Here's one that I made using Great stuff on balloons. It worked fabulously and has been outdoors since halloween. That's almost 7 months. Great Stuff 10' Spider

Edit: Here's the finished Spider


----------



## Dixie (Feb 18, 2009)

niblique71 said:


> Here's one that I made using Great stuff on balloons. It worked fabulously and has been outdoors since halloween. That's almost 7 months. Great Stuff 10' Spider
> 
> Edit: Here's the finished Spider


You just cannot beat THAT for weatherproof, Niblique!

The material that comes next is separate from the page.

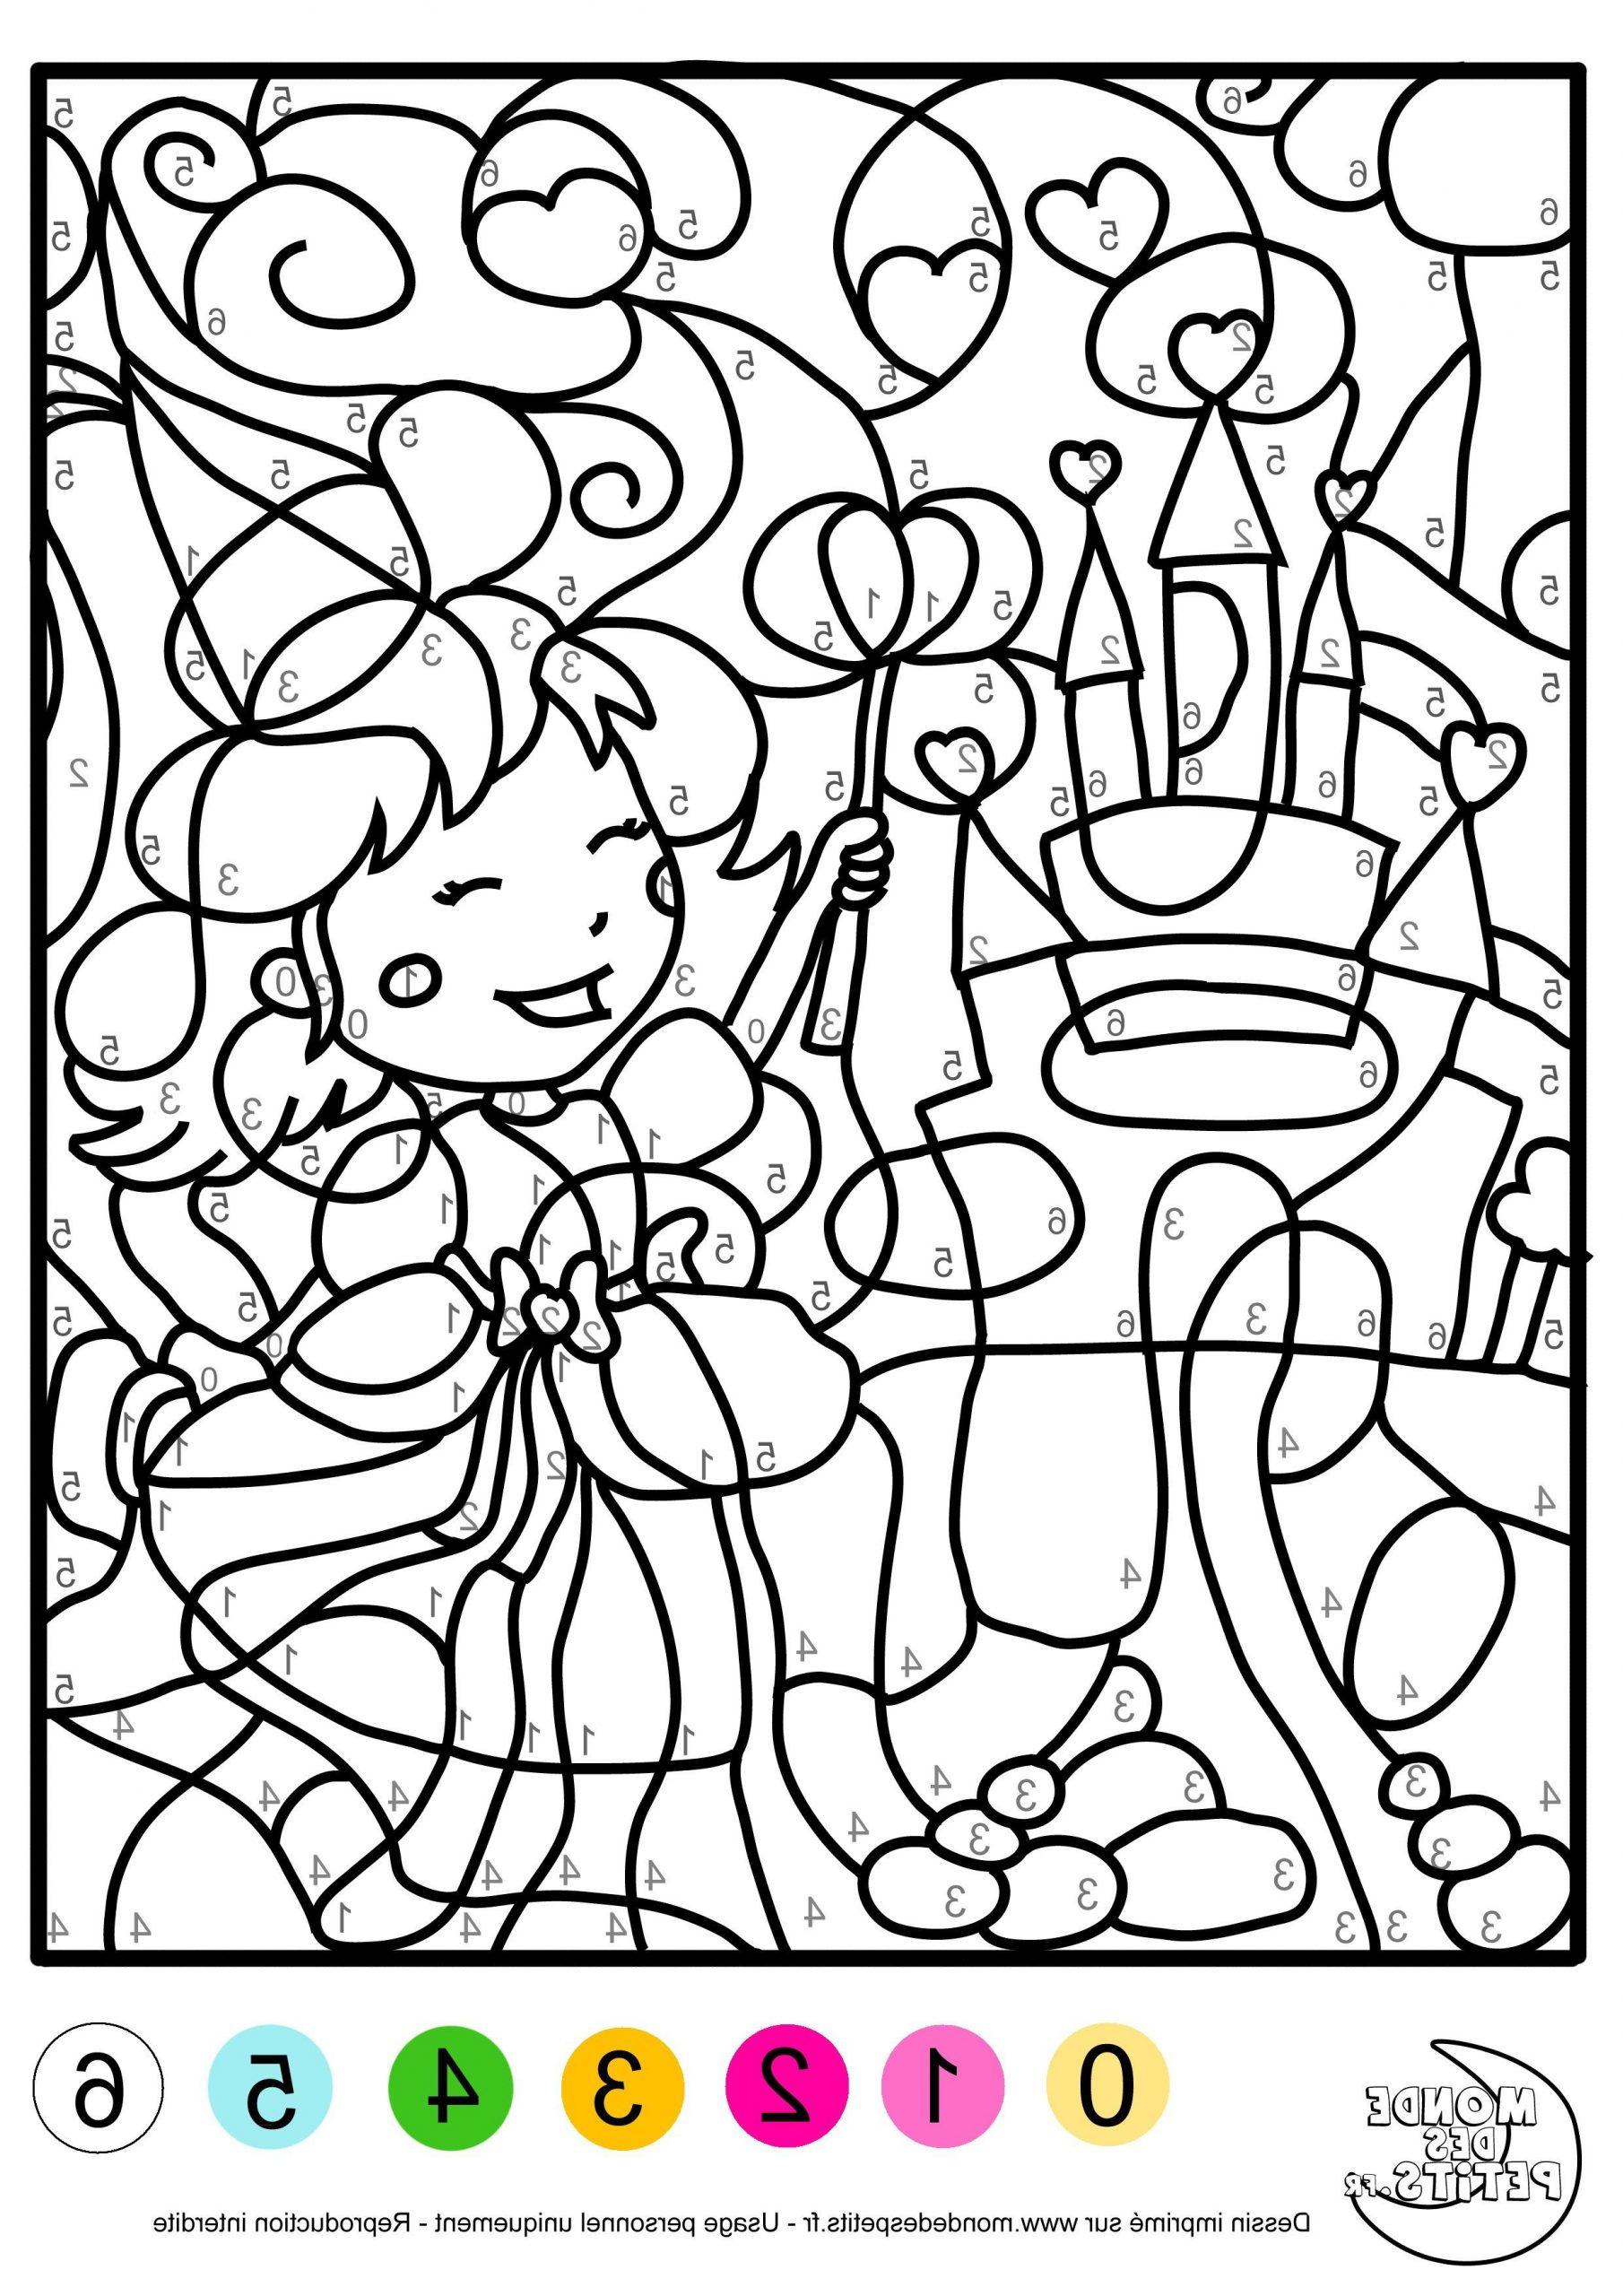 Coloriage Enfant 5 Ans . 14 Créatif Coloriage Enfant 5 Ans serapportantà Coloriage En Ligne 3 Ans
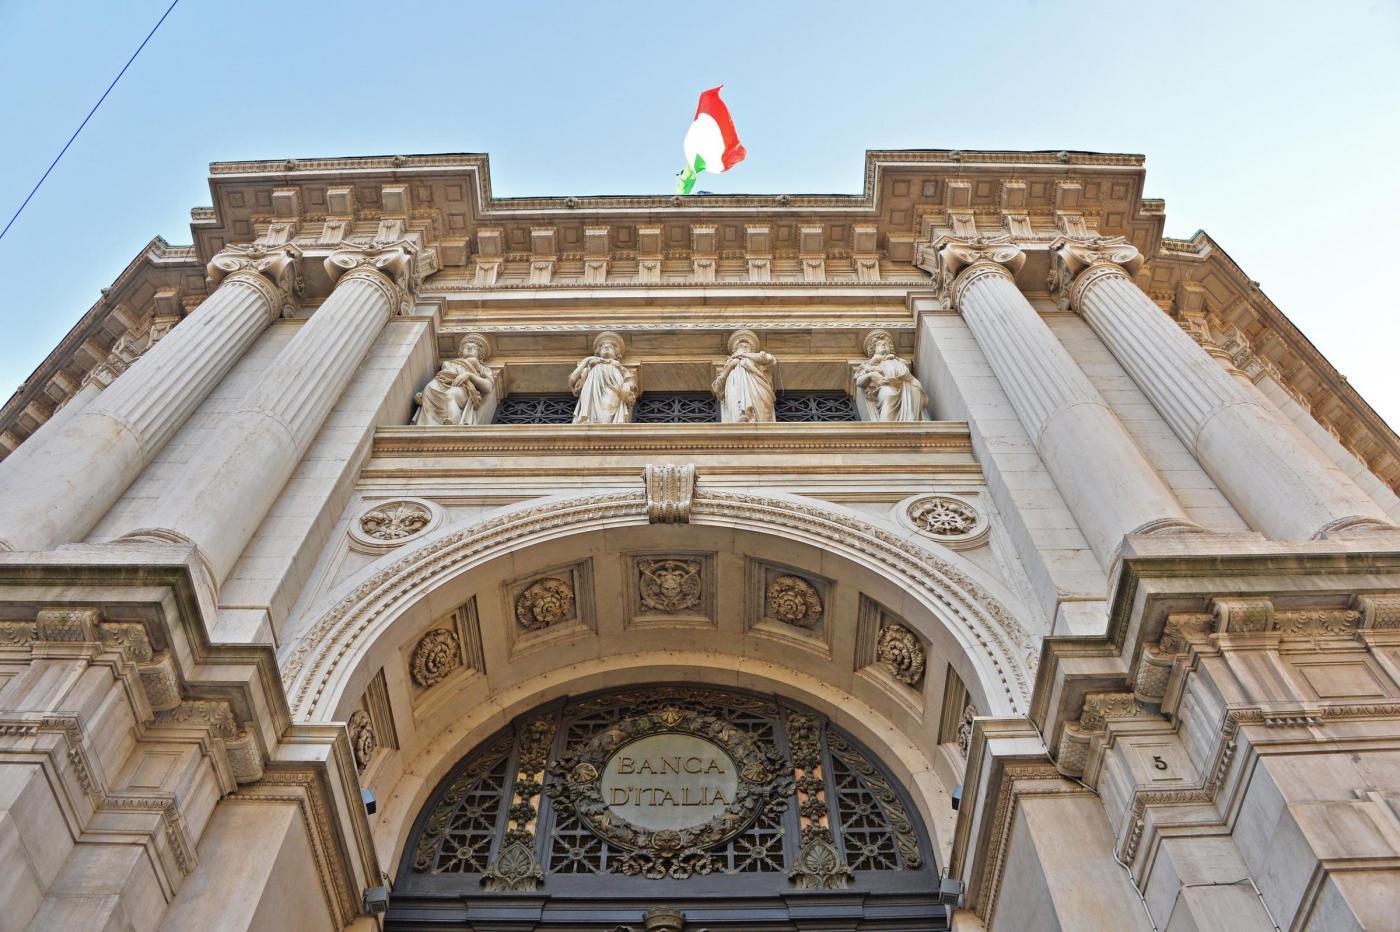 Debito pubblico italiano 2016-2017: la vera storia e tutti gli interessi

Dang!


----------



## RoxyBlue (Oct 6, 2008)

Devil, I'd say at least three layers of mache as a minimum, and Stolloween would probably recommend more.


----------



## disney-fan-reborn (Apr 4, 2010)

Devil said:


> WOW a disco ball *NOT* in this haunt LOL..! It going to be (I hope) I large spider to mount on the roof of the house. I start to cover it in paper-mache and I hope once it is protected it will make it 30+ days on the roof. I am really scrare that it going to fall apart before halloween.


DANG! I was hoping it was going to be a huge water balloon you drop on the over-aged trick-or-treaters that take more candy then they should!

Oh well. Here's to wishing!


----------



## Dark Angel 27 (Sep 11, 2008)

fabulous idea dahling...just fabulous! :googly:

looking good so far!


----------



## IMU (Apr 8, 2009)

Nice start. I'd say at least 3 layers using newspaper and 1 or 2 with blue shop towels. They are very strong and are great to work with ... I used them when I did my MM pirate and they worked out great.


----------



## tuck (Oct 27, 2007)

Are you going to dry-loc it? Since it's on the roof and texture won't matter as much that would protect it quite well I would think...


----------



## bfjou812 (Aug 15, 2008)

Great start!! What I want to know though , what's under the car cover??


----------



## Marrow (Feb 23, 2011)

A balloon dressed in newspaper?


----------



## Devil (Nov 10, 2008)

bfjou812 said:


> Great start!! What I want to know though , what's under the car cover??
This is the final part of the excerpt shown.